The reason that the media's examples of political comebacks—meant to convince us that Sanford and Weiner really can do it—actually bear no resemblance or relationship to Sanford's and Weiner's utter implosions is that there almost literally are no political phoenix stories. All of the most famous "comeback" stories—Barney Frank, Ted Kennedy, Wilbur Mills, David Vitter—are of politicians who never resigned in the first place. They recognized that their best strategy was to deny, defer, or deflect guilt as quickly as possible and move on. By the time they faced the voters again, their transgressions were either forgotten or overshadowed.
But for those who admit fault—or, perhaps more accurately, admit that they ought to be punished for it by resigning or otherwise leaving office—the path to public forgiveness is much less clear. If you're a scandalized politician, at least you still have your office and a platform from which to build yourself back up (including the significant electoral advantage of incumbency). Step down, and you're nothing but a broken man. Leaving office in disgrace has been a black mark from which there has almost never been any coming back. The media and 24-hour news networks may love comeback stories, but there's little evidence the public does.

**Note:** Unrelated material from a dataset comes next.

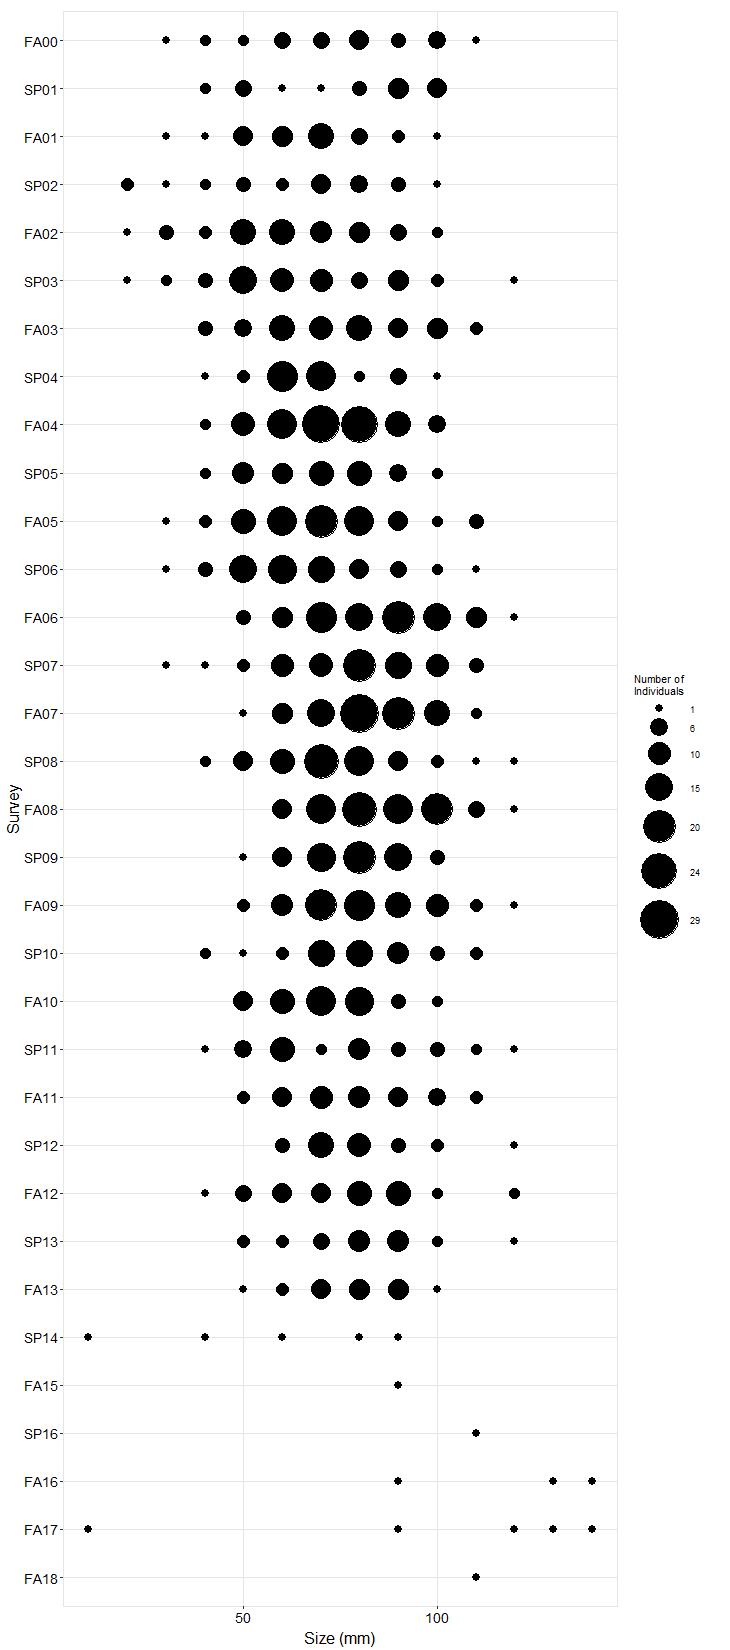 Cayucos Pisaster size plot

We've taken our time to come back around to the bottom line for Weiner and Sanford, so here it is: they're probably finished, even if they don't know it yet. For Weiner, going from disrepute to the extremely powerful position of New York City mayor in the space of two years is just too big of a jump. Even the one ex-representative who returned to local government did so to city council, and she endured an ethics investigation, not Weiner's sensationalist sex scandal and its attendant national humiliation. A comeback by Weiner would be unprecedented in modern American politics.
Sanford, while still an unlikely candidate, may have slightly better odds. For one thing, he has already won one election—the GOP primary—which is half the hurdle. For another, he holds a key advantage over Weiner: he never resigned. Despite the equal amount of ridicule and embarrassment he faced with his "Appalachian Trail" saga, Sanford actually served out the remaining two years of his term as governor and was effective at fading out of the spotlight rather than going out with a bang. However, polls indicate Sanford is still badly underperforming a generic Republican, and, after this week's revelations of further family troubles resulted in his abandonment by the NRCC, the former governor is now looking decidedly like an underdog. All in all, I would be surprised to see him buck history here.